'Babumoshai Bandookbaaz' Could Have Been a Quirky Crime Drama, but Ends up a Generic Vengeance Saga

Based on a familiar motif, the futility of crime, Babumoshai Bandookbaaz tries to rise above its limitations but is too inconsistent and jaded for its own good.

Nawazuddin Siddiqui in a still from the film. Courtesy: Instagram

Nawazuddin Siddiqui in a still from the film. Courtesy: Instagram

Babumoshai Bandookbaaz introduces its protagonist, Babu Bihari (Nawazuddin Siddiqui), in a wonderful deceptive fashion. In his first scene, Babu is standing on a construction site amid blue-collar workers. Dressed in formals, Babu could be mistaken for their supervisor. And that is the implication too, for Babu, a contract killer, due to his appearance, can slip in and out of a setting unnoticed. At various points in the film, he disguises himself as a washerman, a constable and a wedding guest. A minute or so after Babu is introduced, he walks into an office adjoining the construction site and shoots the man in it. It’s fitting that Babu’s chameleon-like persona is brought to screen by Siddiqui, an actor who has almost singlehandedly re-written the definition of the vicious everyman in Hindi cinema.
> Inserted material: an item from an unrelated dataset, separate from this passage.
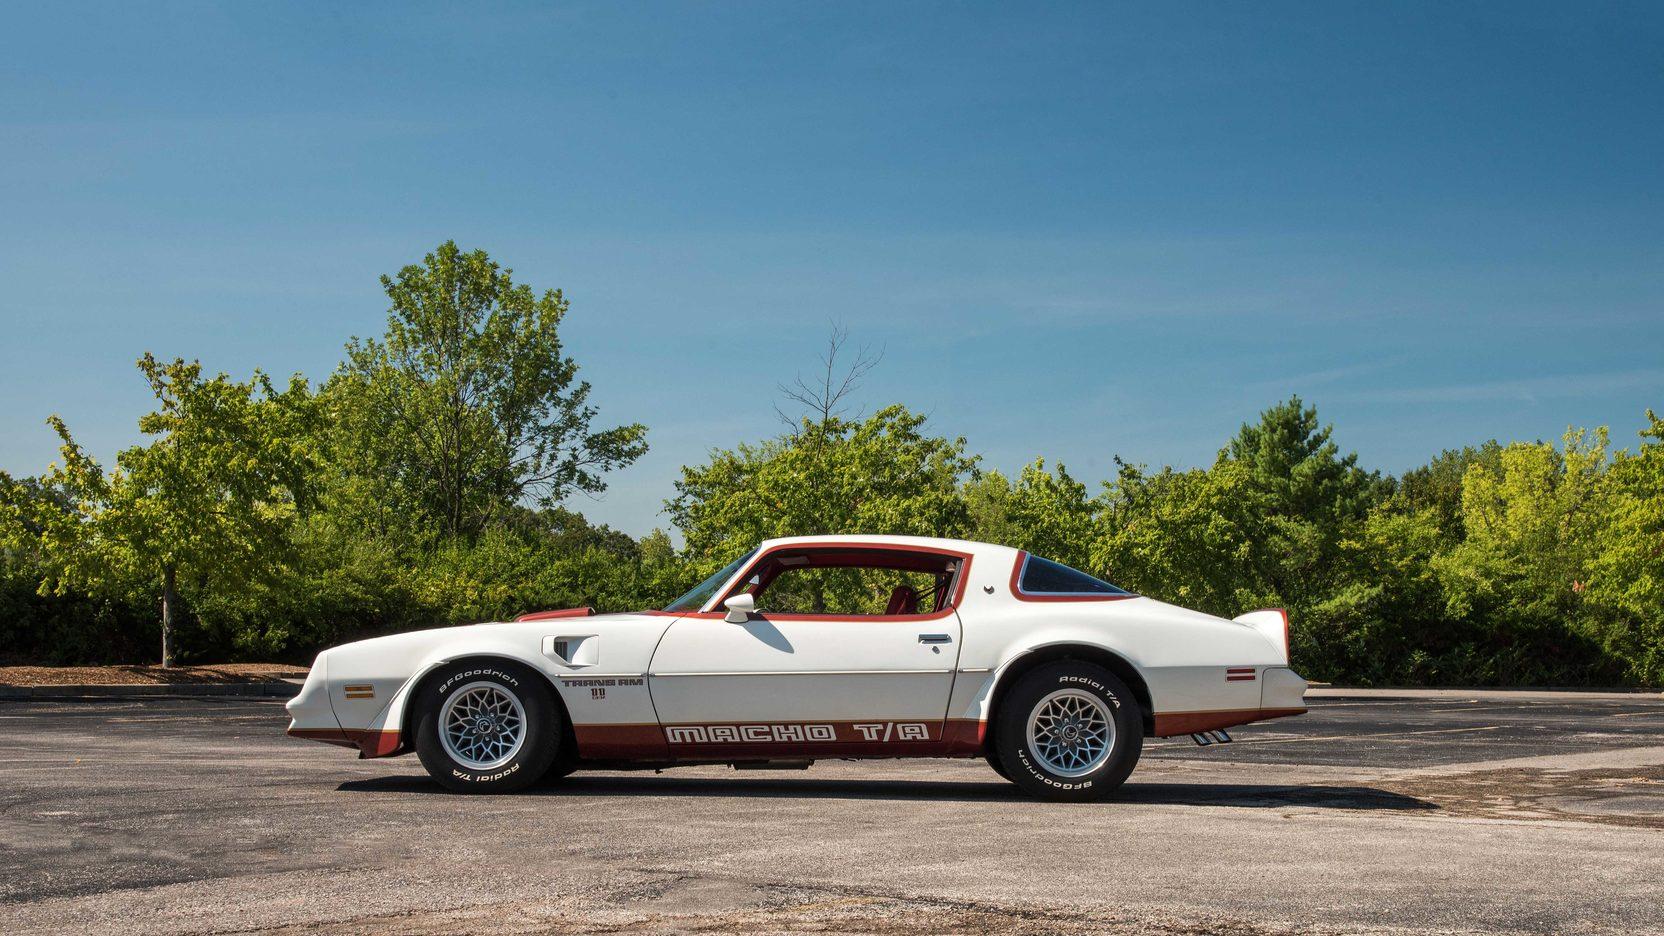 1978 Pontiac Macho Trans Am profile

In the film’s opening segment, Babu is a man with no origin or destination. He murders with abandon, beds prostitutes and whiles away time by listening to old Bollywood songs. Babu is floating with no real joy or purpose, until he falls in love with a cobbler called Phulwa (Bidita Bag). Babu murders for Phulwa; she’s impressed and the two move in together. Babu finally finds something he was devoid of: joy. He finds purpose when he meets Banke Bihari (Jatin Goswami), an upstart contract killer, who considers Babu his idol. Both Banke and Babu have been contracted to bump off three men in a sleepy Uttar Pradesh town (which remains unnamed in this movie). Banke and Babu strike a bet: they’ll both try to murder the three men and the one who wins, collects the money for all the killings; the loser, on the other hand, would quit the profession.

It’s a fairly engaging premise, but one that, unfortunately, takes some time to come to the fore. However, the main problem with Babumoshai Bandookbaaz, at least in its pre-interval portion, is that it’s largely thin on plot. That wouldn’t have been a deal breaker in itself, if its central characters – Babu and Banke – were well written. Babu, in particular, the film’s centrepiece, is largely opaque. Given that he’s a killer, his actions, for the most part, do the talking for him, but they are mostly monotonous – a blend of malevolence and superficial swagger – lending limited insight into his psyche. The same goes for Banke. On one hand, the film doesn’t unfold as a character examination of these two rogues and on the other, it doesn’t have a meaty enough plot to keep you hooked.

Having said that, Babumoshai Bandookbaaz’s first half is not without its merits. Goswami, who hasn’t appeared in a lot of mainstream films, shows considerable screen presence. He and Siddiqui share pleasant chemistry, elevating even mundane scenes to an enjoyable concoction of dark humour. The filmmaker, Kushan Nandy, has a keen eye for the absurd, and he uses that to the film’s advantage in quite a few scenes. One bit, in particular, stands out, where Banke is envious of Babu’s earnings per killing, saying he’s been working for five years and his pay has only increased from Rs 5,000 to Rs 8,000. Babu, in comparison, earns considerably more: Rs 20,000 per head. (As a freelance writer, I found that scene darkly comic in more ways than one). Besides, the film’s first half ends on an intriguing cliffhanger, introducing a twist that keeps you invested.

It’s mostly downhill, however, right from the first minute of its second half. We soon find out that that twist makes little sense (and what’s worse, no effort is made to clear our confusion about it, or explain the incredible leap of logic at play here). And so, what could have been a quirky crime drama soon regresses to a generic vengeance saga. Siddiqui’s Babu remains opaque as ever, even after undergoing a remarkable transformation, giving us little to care about him. Even the film’s peripheral characters – essayed by assured performers (Divya Dutta, Anil George, Bhagwan Tiwari) – are largely wasted, subservient as they are to its lead (barring a terrific exchange between Dutta and Tiwari in the climax). There are scenes that pander to the audiences, instead of staying true to the story (for instance, it’s hard to believe that a cop would answer his phone during an intense shootout). Based on a familiar motif, the futility of crime, Babumoshai Bandookbaaz does try to rise above its limitations (thematically, its entire second half is a counterpoint to its first), but it’s too inconsistent and jaded for its own good.